Finding the roots of a 3rd degree polynomial

\begin{align*} \frac{A+2}{A-2}+\frac{B+2}{B-2}+\frac{C+2}{C-2} &= \frac{A-2+4}{A-2}+\frac{B-2+4}{B-2}+\frac{C-2+4}{C-2} \\ &=3 +\frac{4}{A-2}+\frac{4}{B-2}+\frac{4}{C-2} \end{align*} The equation with $\alpha - 2, \beta -2, \gamma - 2$ as roots (where $\alpha, \beta, \gamma$ are the roots of the given equation) is $(y+2)^3 - 4(y+2) - 8 = y^3 + 6y^2 + 8y - 8 = 0$ and we want the sum of the reciprocals of the roots of this equation.
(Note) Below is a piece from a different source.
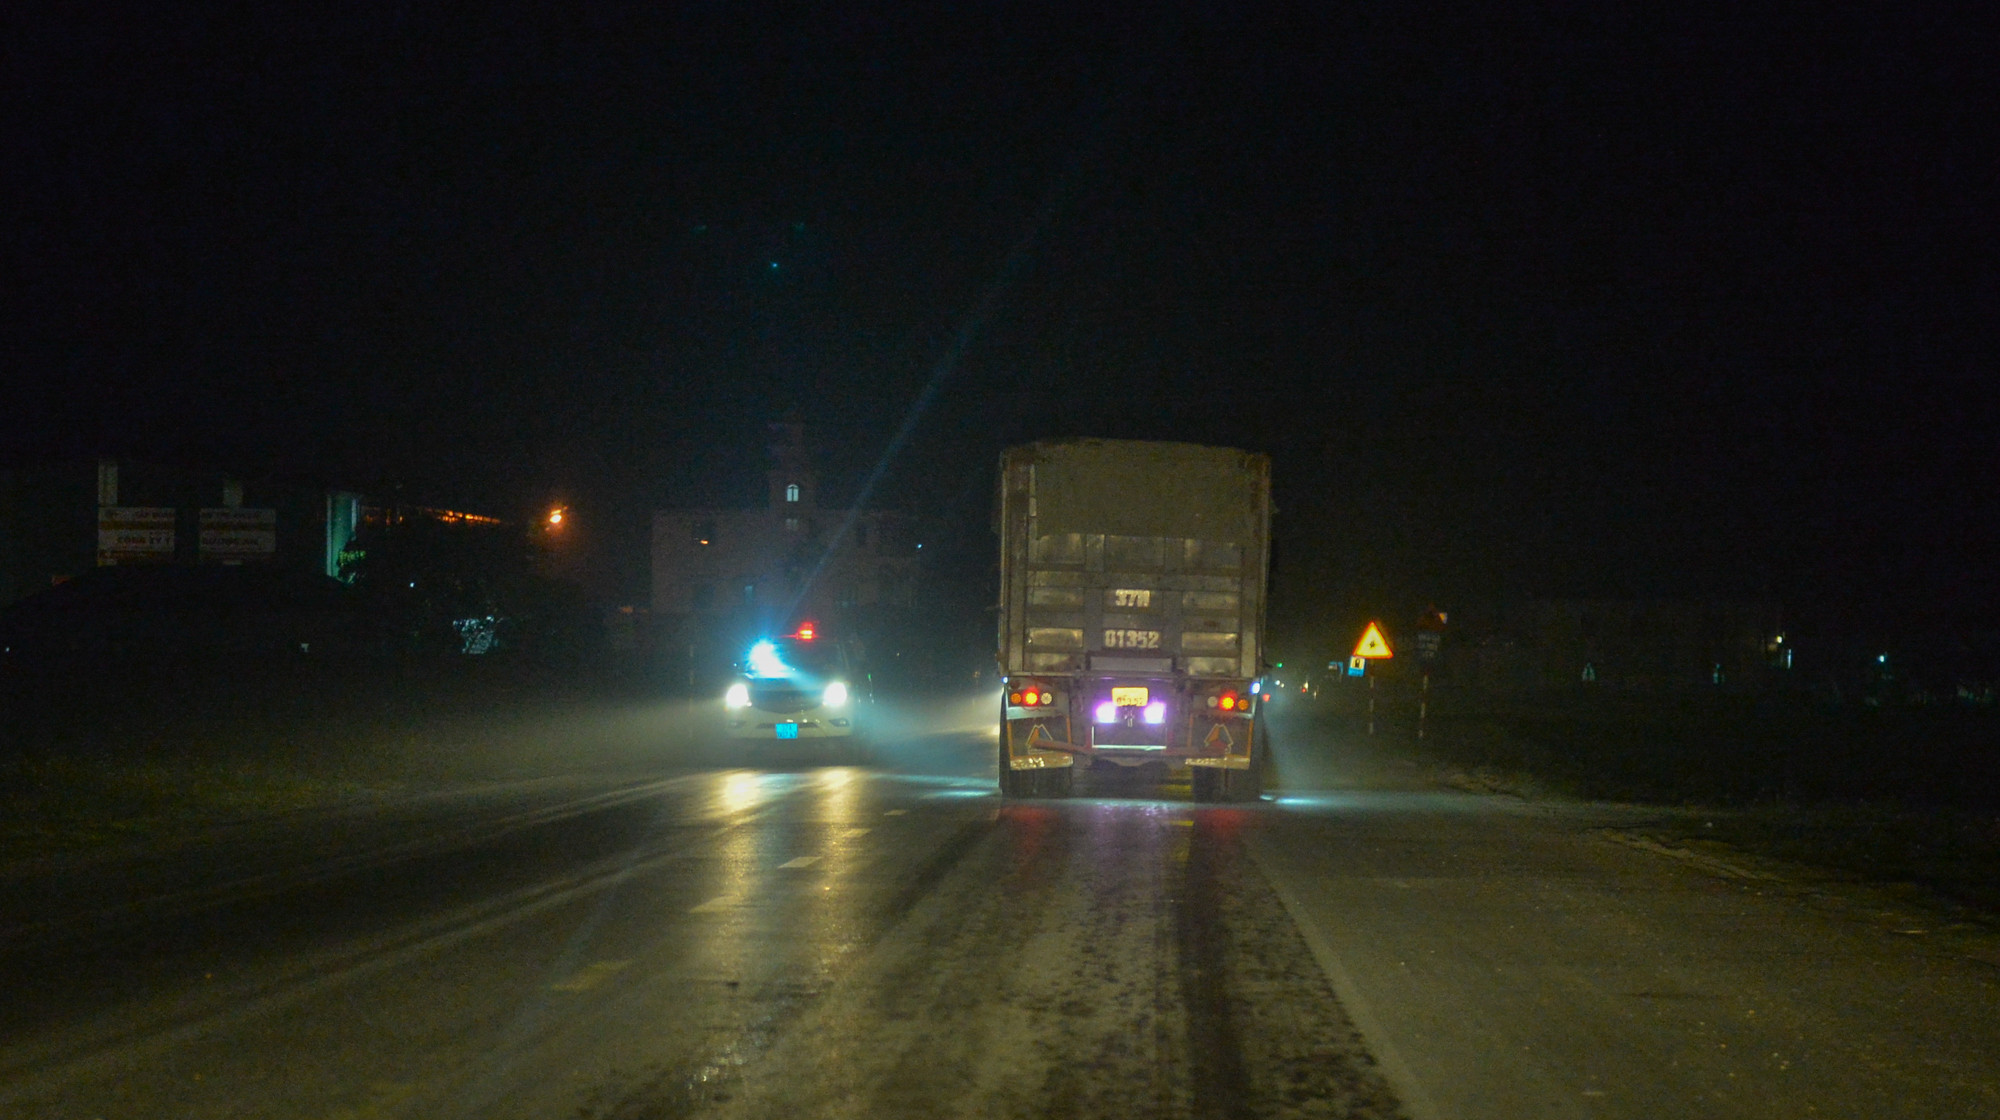  xe tải này gặp xe tuần tra của CSGT đi ngược chiều. Tuy nhiên sau khi người ngồi bên phụ của xe CSGT soi đèn bin qua thì chiếc xe tải 37H-01352 tiếp tục lưu thông bình thường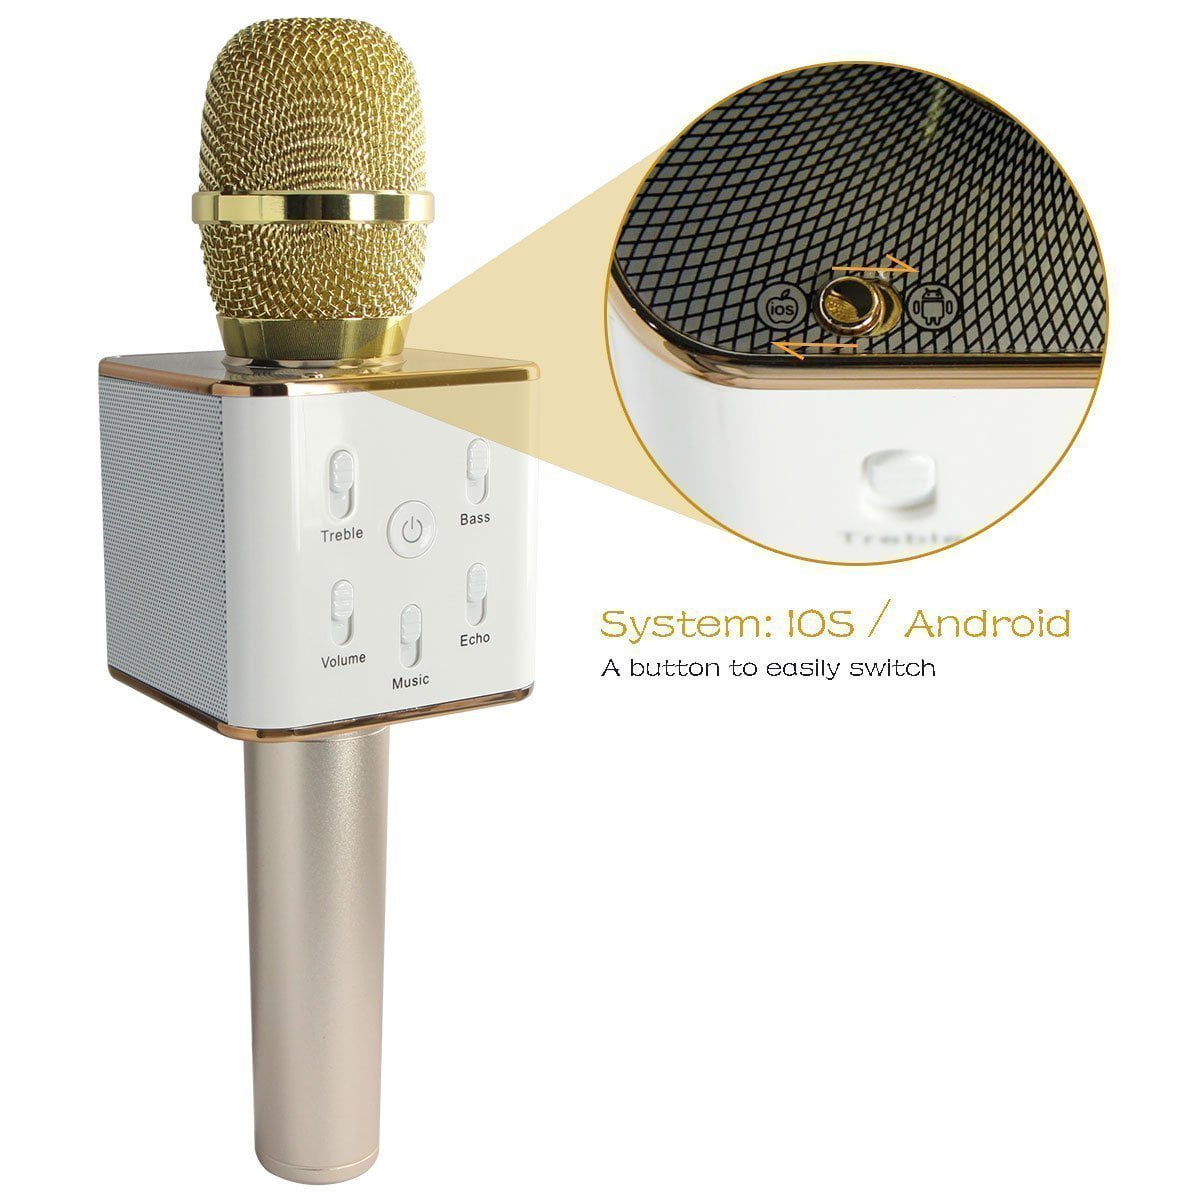 Portable W ireless Karaoke Microphone,Built-in B luetooth Speaker K9

This is $\frac{8}{8} = 1$. Thus \begin{align*} \frac{A+2}{A-2}+\frac{B+2}{B-2}+\frac{C+2}{C-2} &= 3+4 = 7 \end{align*}

Let $y=\dfrac{x+2}{x-2}$

Using Componendo and Dividendo, $\dfrac{y+1}{y-1}=\dfrac x2\iff x=?$

Replace the value of $x$ in the given equation to form a cubic equation in $y$

$$(2-1)y^3-(4+3)y^2+\cdots=0$$

Use Veita's formula to find the required sum $$=\dfrac71$$